ADR 37: A foreign-function toolkit for prebuilt libraries

Date: 2026-06-24

Context

clj-zig's everyday path compiles a Zig body and derives the boundary carriers from a signature vector (defnz, ADR 3/5). A C library that clj-zig itself compiled can already be reached from a body via @cImport and :c/link (ADR 27).

But a real program also calls libraries it did NOT compile and that have no Zig body to wrap: the platform's windowing or input library, a system framework, libc, the graphics loader. These expose a flat C ABI, with no Zig source and no signature spec to derive carriers from. The work to bind one is always the same shape -- open the library, describe a signature, bind a downcall handle, occasionally hand native code a callback, read a bounded C string out of foreign memory, tear a worker-driven native resource down in the right order. clj-zig.ffm does this internally for the defnz case, but it is spec-shaped and private: its descriptor/bind take a normalized boundary spec, not raw ValueLayouts, so a consumer binding a prebuilt library cannot use it and is left to re-derive the FFM plumbing by hand.

Re-deriving it by hand is both wasted work and a hazard: the per-frame caching discipline, the upcall-stub lifetime rules, and the bounded-read guard against untrusted foreign memory are easy to get subtly wrong, and the same near-identical glue ends up copied into every consumer.

Decision

Publish a small, data-in/data-out foreign-function toolkit as a new public namespace, clj-zig.foreign, for binding a prebuilt native library alongside compiled Zig:

• descriptor, linker, and c-byte/c-short/c-int/c-long/ c-float/c-double/c-ptr layout shorthands, so a caller describes a C signature as data without importing the FFM classes.
• library-lookup (open by path or name, bound to the global Arena) and resolve-library (a config map of env vars, candidate paths, and a default that resolves which path to open, as data).
• find-symbol and symbol-present?, which degrade a missing symbol as a tagged ex-info or a boolean rather than faulting on a null segment.
• downcall, which binds and CACHES a MethodHandle per distinct [lookup name ret arg-layouts], so a per-frame caller does the symbol lookup, descriptor build, and link at most once; and call, the cold-path invoker for setup and teardown.
• upcall-stub, a synchronous callback primitive (ADR 38).
• read-utf8-bounded, a capped NUL-terminated read from untrusted foreign memory.
• join-then-close-arena, the load-bearing teardown order for a native resource driven on a worker thread.

The toolkit is imperative shell (ADR 16): it carries no domain knowledge, and the values it returns are opaque handles (ADR 22) the caller threads back into native calls, never dereferences.

Consequences

A consumer binds a prebuilt library through one documented surface, with the caching, lifetime, and bounded-read disciplines built in, instead of re-deriving FFM glue per library.
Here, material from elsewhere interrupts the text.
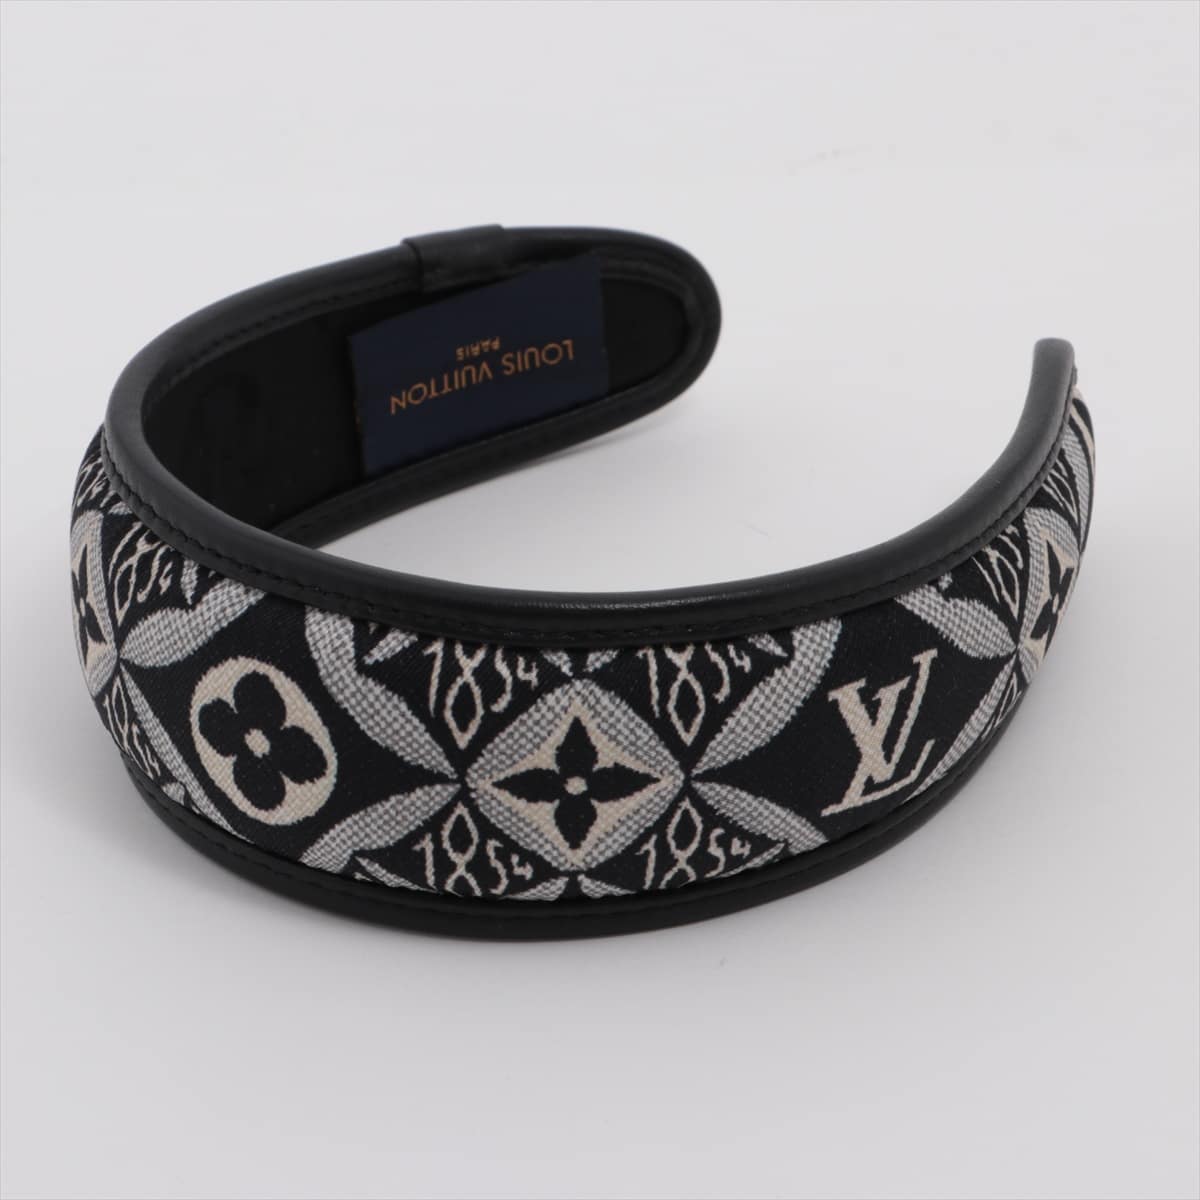 Louis Vuitton M77003 headbands SINCE 1854 CX0261 Headband Silk Black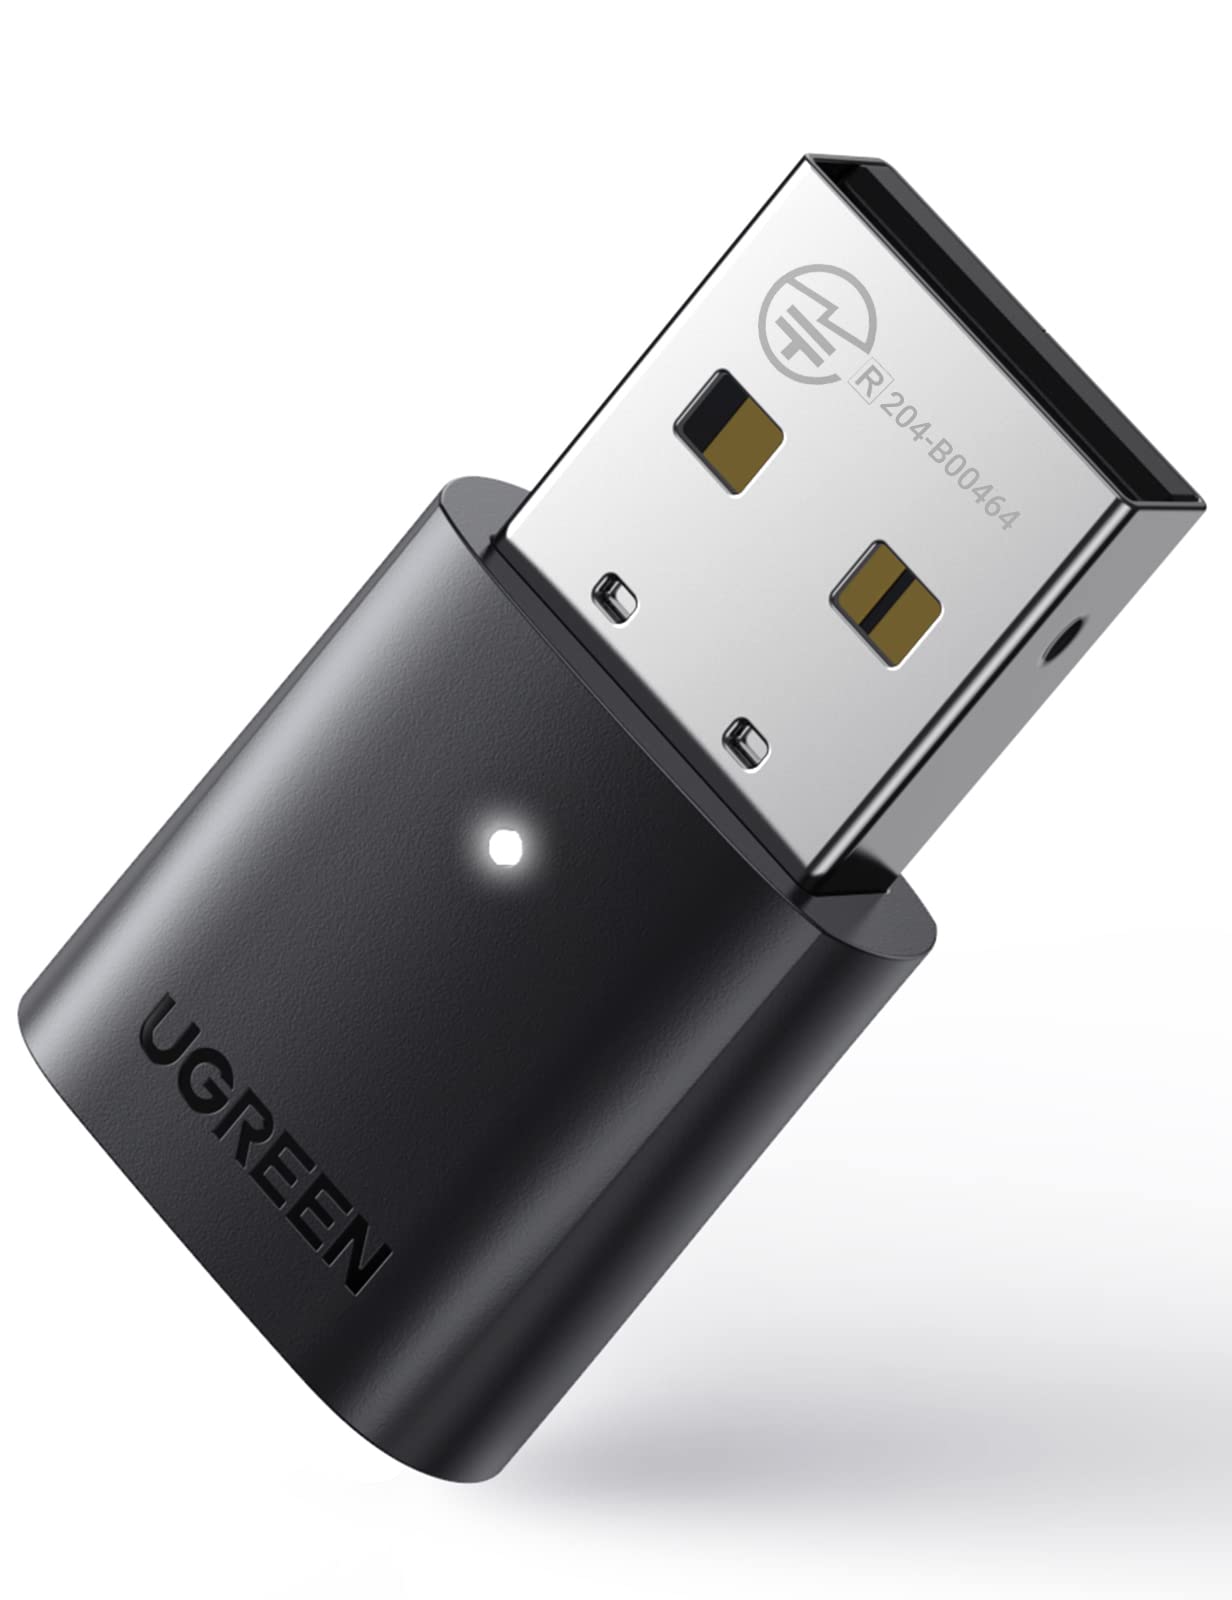 Populaire UGREEN Dongle Bluetooth 5.0 Clé Bluetooth pour PC Adaptateur Carte Bluetooth USB pour Manette de Jeu Casque Écouteur Enceinte Souris Clavier Imprimante Compatible avec Windows 11 10 8.1 7 (Noir) aa1gK9hDf bien vendre

The defnz pipeline is unchanged; clj-zig.ffm stays the spec-shaped internal binder for compiled bodies, and clj-zig.foreign is the raw-signature toolkit for prebuilt ones. The two share the finalized FFM API and the native-access requirement but not code, because their inputs differ (a normalized spec versus raw ValueLayouts).

The toolkit widens clj-zig's public surface and its compatibility promise: these functions are now API. The surface was kept deliberately small -- the primitives a consumer cannot avoid -- and each carries its discipline in its docstring so the easy-to-get-wrong parts (per-frame caching, stub lifetime, the untrusted-read cap) are not left to the caller's memory.

Alternatives

Generalize clj-zig.ffm/bind to also accept a raw signature. Rejected: bind is shaped end to end around a normalized boundary spec (unsigned return policy, error-union/owned/struct returns, handle records); bending it to also take raw layouts would complect the compiled-body binder with the prebuilt-library binder and serve neither cleanly.

Leave the plumbing to each consumer. Rejected: it is the same code every time, and the disciplines it encodes are exactly the ones a hand-rolled copy gets wrong.

A heavier binding generator (parse C headers, emit typed wrappers). Rejected as far more than the problem needs: the consumers here bind a handful of symbols with known signatures, for which a thin toolkit is enough.